Take the Bayesian perspective, supposing that $E[m(y)\mid\theta] = \theta$ (posterior mean is unbiased). Then
$$E[\theta m(y)] = E[E[\theta m(y) \mid \theta]] = E[\theta E[m(y)\mid\theta]] = E[\theta^2].$$
But also
$$E[\theta m(y)] = E[E[\theta m(y) \mid y]] = E[m(y) E[\theta\mid y]] = E[m(y)^2].$$
So
$$E[(m(y)-\theta)^2] = E[m(y)^2] + E[\theta^2] - 2E[\theta m(y)] = 0$$
which implies that $m(y) = \theta$ almost surely. This can occur when, e.g., the prior is a point mass at $\mu_0$.

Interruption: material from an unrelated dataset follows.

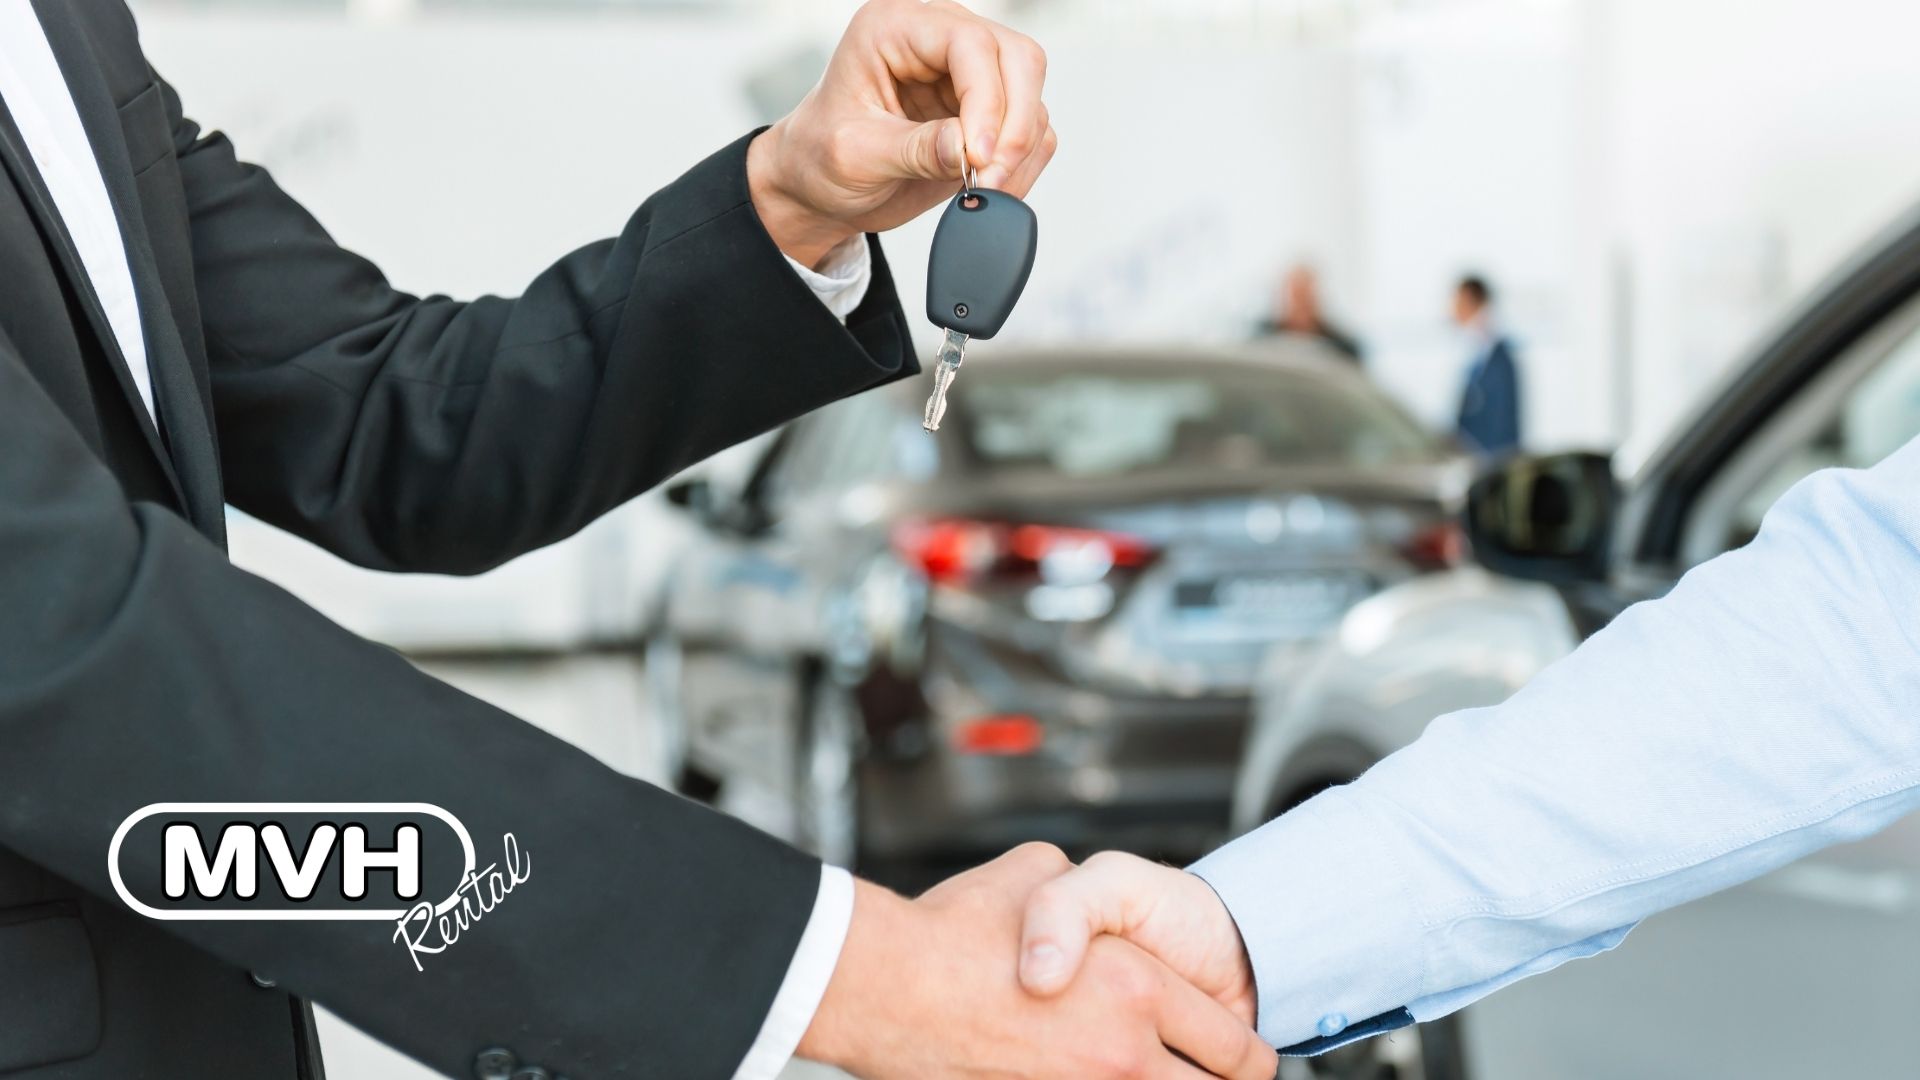 Are you planning to hire a car? Why choose a local independent firm? Discover the benefits over using a national company.

Take the frequentist perspective, where $\theta = \mu_0$ and unbiasedness means
$$E[m(y)\mid\theta] = E[m(y)\mid\mu_0] = E[m(y)] = \mu_0.$$
Then one can construct a prior that yields an unbiased posterior, e.g. if $y_i \sim_\text{iid} N(\theta, \sigma^2)$ and we suppose $\theta \sim N(\mu_0, \sigma_0^2)$ then the posterior mean is the well-known weighted average
$$m(y) = \frac{\sigma_0^2}{\sigma_0^2 + \sigma^2/n}\bar{y} + \frac{\sigma^2/n}{\sigma_0^2 + \sigma^2/n}\mu_0$$
which has expectation $\mu_0$ when the truth is $\theta = \mu_0$. Here $m(y) \ne \theta = \mu_0$ almost surely.

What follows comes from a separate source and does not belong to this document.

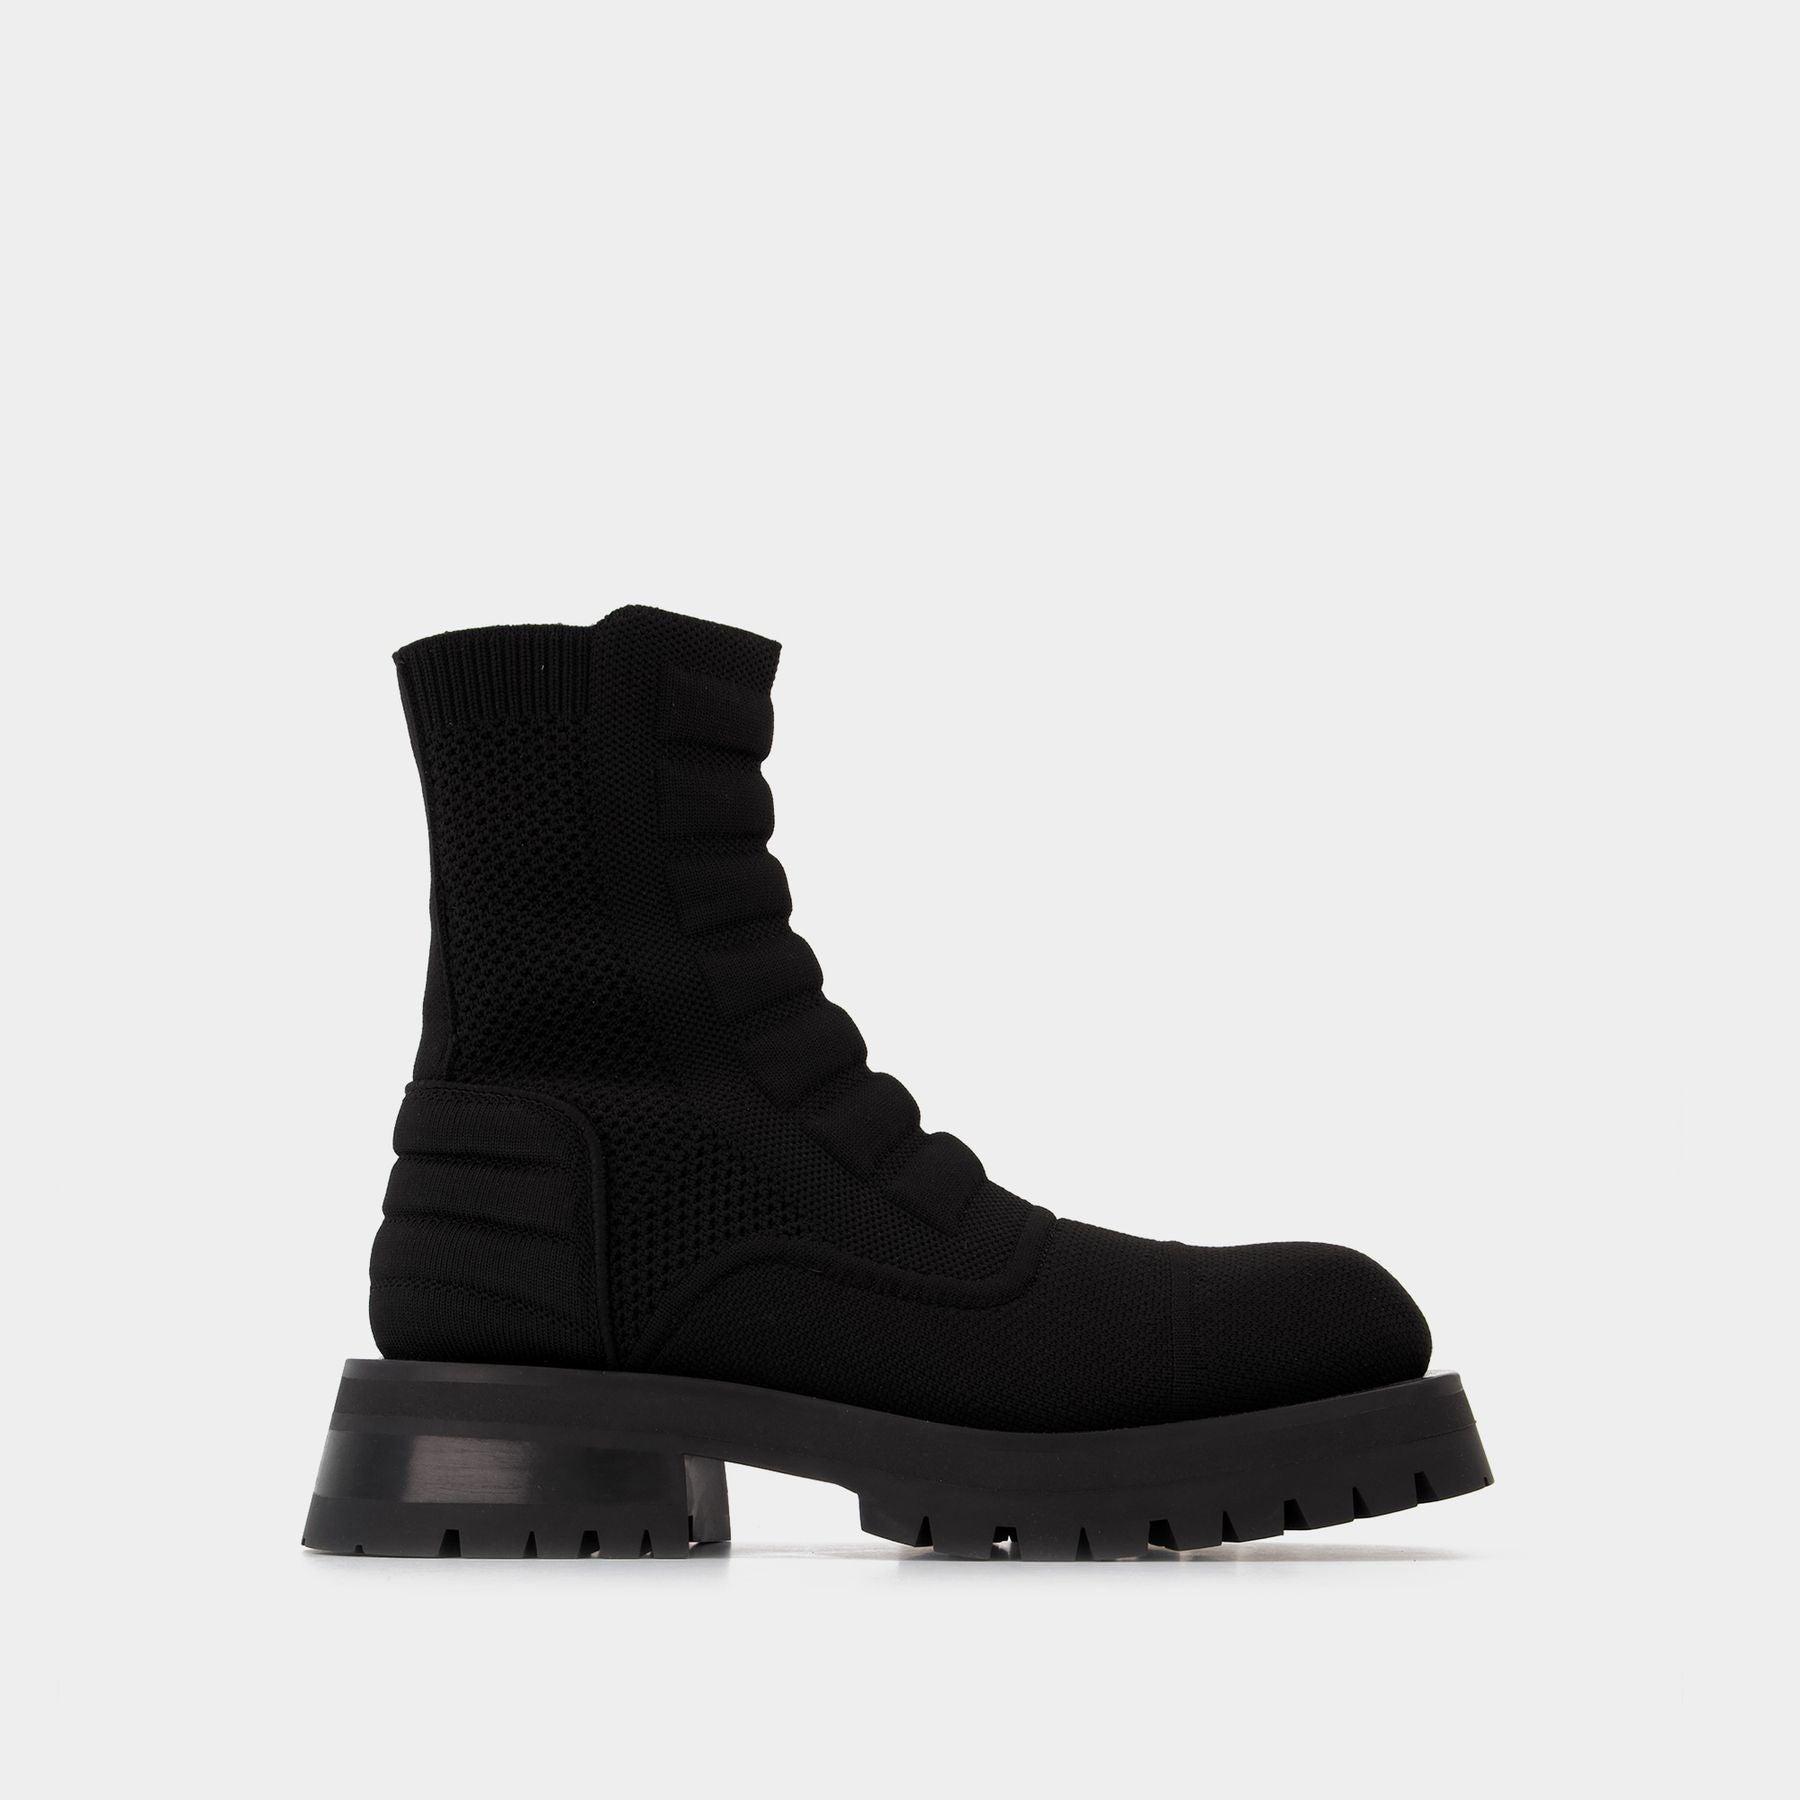 Balmain Army Knit Chelsea Boots in Black | Lyst

However, in this setting the model is wrong (specifically, the prior). The true prior would be a point mass at $\mu_0$, giving us $m(y) = \mu_0$, which aligns with the Bayesian perspective. Thus, the Bayesian model posterior mean may be nondegenerate and unbiased when the model is wrong!